Continuous supports the estimation of several parameters that correspond to different models of evolution. Perhaps the most widely used of these is lambda, the phylogenetic signal parameter developed by Mark Pagel (1999). Let’s test the hypothesis that the maximum likelihood estimate of lambda is significantly different from 0 for a single continuous trait.

```
lambda0 <- Continuous(primate.tree1, primate.continuous1, lambda=0)
lambdaML <- Continuous(primate.tree1, primate.continuous1, lambda="ML")
lrtest(lambdaML, lambda0)
```

```
model1.Lh model2.Lh LRstat pval
1 1.115431 1.115431 0 1
```

The p-value is not significant, so there is no evidence that lambda is different from 0 (which corresponds to no phylogenetic signal in the data).
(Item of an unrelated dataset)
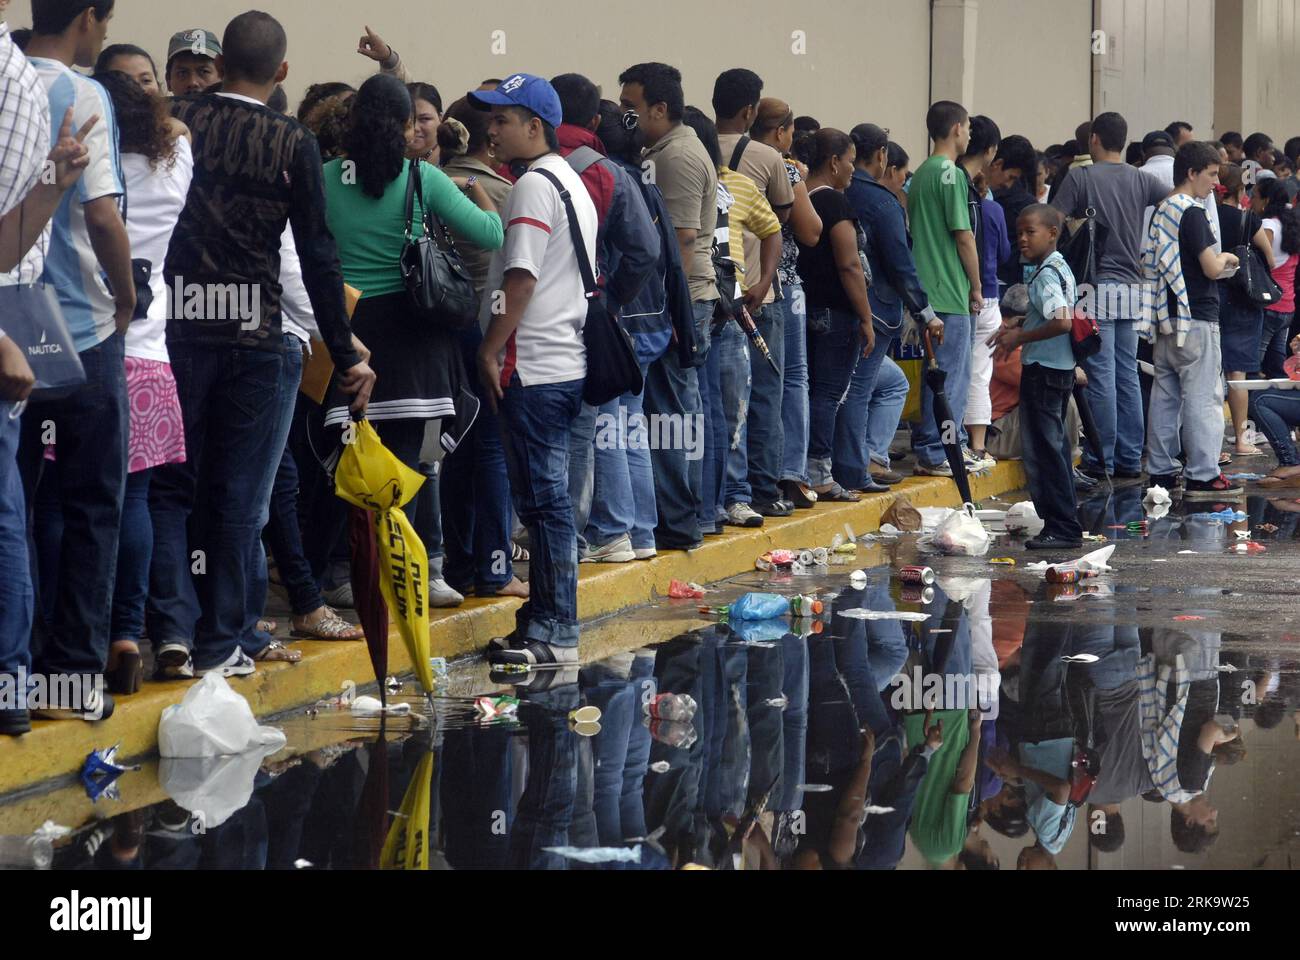 Bildnummer: 54233742  Datum: 17.07.2010  Copyright: imago/Xinhua (100717) -- PANAMA CITY, July 17, 2010 (Xinhua) -- Illegal immigrants wait to get legal ID at the Atlapa exhibition and convention center in Panama City, July 17, 2010. About 20,000 undocumented foreigners living in Panama will be granted legal right to stay, an official of National Service of Migration (SNM) said on Thursday. (Xinhua) (zx) (1)PANAMA-ILLEGAL IMMIGRANTS-LEGAL ID PUBLICATIONxNOTxINxCHN Gesellschaft Immigranten Einwanderung Panama premiumd xint kbdig xsp 2010 quer  o00 Warteschlange    Bildnummer 54233742 Date 17 07 Stock Photo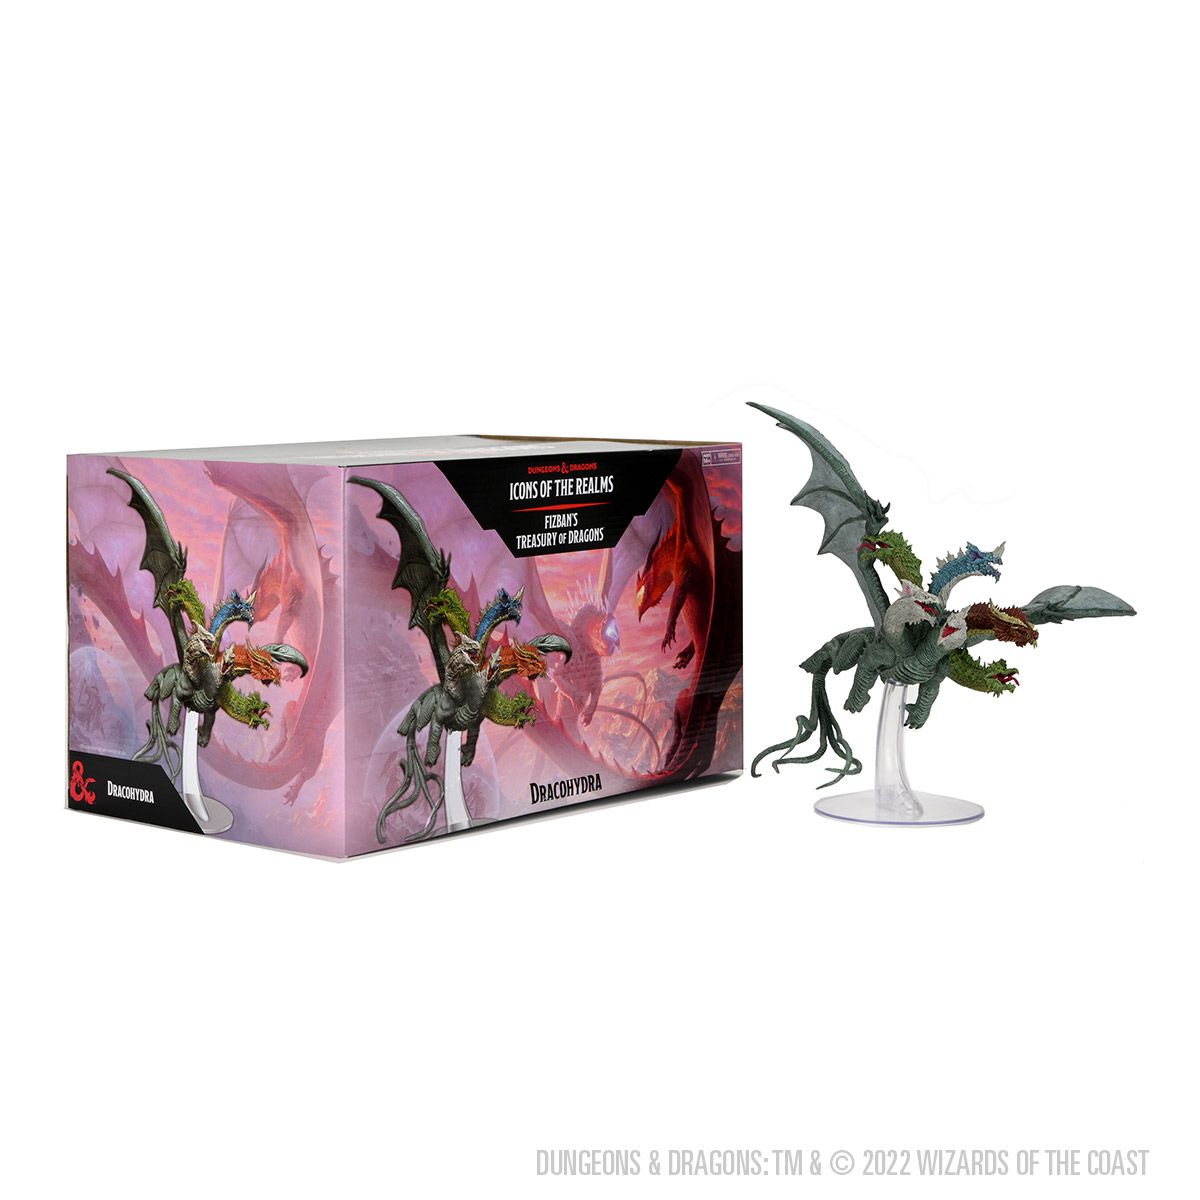 Dungeons & Dragons Icons of the Realms Miniatures: Fizban's Treasury of Dragons - Dracohydra Premium

### Correlated evolution test

We can test for a significant correlation between pairs of continuous traits. The `tc`

parameter fixes the correlation between two traits to be 0, and this can be used as a null model to test for a significant correlation.

```
nocorrC <- Continuous(primate.tree1, primate.continuous2, tc=TRUE)
corrC <- Continuous(primate.tree1, primate.continuous2)
lrtest(nocorrC, corrC)
```

```
model1.Lh model2.Lh LRstat pval
1 -6.18303 -5.736392 0.893276 0.3445911
```

The p-value is not significant, so there is no evidence for a correlation between these traits.

### Regression model

Continuous can also be used to fit regression models with 1 or more predictor variables. The first variable in the dataframe is automatically treated as the response variable. Let’s fit a regression model with two predictor variables.

```
glm1 <- Continuous(primate.tree1, primate.continuous3, regression=TRUE)
glm1
```

```
Tree.No Lh Alpha Beta.2 Beta.3 Var R.2
1 1 -3.448363 0.05771658 -0.5048425 1.243642 0.008530046 0.4391672
SSE SST Error.Ratio s.e..Alpha s.e..Beta.2 s.e..Beta.3
1 0.06824037 0.1216769 0.4391672 0.344801 0.734077 0.570176
Kappa Delta Lambda OU
1 1 1 1 0
```

We can compare the standard errors of regression parameters to their estimated values to assess whether they are significant. In this model, the estimate of Beta.2 is -0.5 with a standard error of 0.73, while the estimate of Beta.3 is 1.24 with a standard error of 0.57. Thus, only Beta.3 is significantly different from 0 (because 0 lies outside the interval 1.24 +/- 0.57).

## MCMC diagnostics

A convenient thing about running BayesTraits with `btw`

is that the output from Bayesian MCMC analyses are basically ready to be analyzed with the R package `coda`

for doing MCMC diagnostics. Here, I provide some examples of how `coda`

can be used to do health assessments for MCMC chains. First, let’s make some data (this won’t be pretty… the point is just to see how it works).

```
coda.demo <- Discrete(primate.tree100, primate.discrete1, "Bayesian", it=1000000)
```

Now load the `coda`

package (if it isn’t already installed, then install it!).

```
library(coda)
```

In one easy step, we can prepare the MCMC output for analysis in `coda`

. The key is that `coda`

functions work on objects of class `mcmc`

, so we need to convert columns from our dataframe into `mcmc`

objects before using `coda`

plotting functions. We can do this by wrapping the variable we want to plot with the `mcmc`

function.

Here is a density plot for the likelihood.

```
densplot(mcmc(coda.demo$Lh))
```

Here is a trace plot for the likelihood.

```
traceplot(mcmc(coda.demo$Lh))
```

Here is an autocorrelation plot for the likelihood.

```
autocorr.plot(mcmc(coda.demo$Lh))
```

This all just goes to say that `btw`

makes it easy for you to use the tools provided by `coda`

to do MCMC diagnostics. Check out the `coda`

documentation for more info!

## References

Pagel, M. (1999). “Inferring the historical patterns of biological evolution.” Nature 401(6756): 877-884.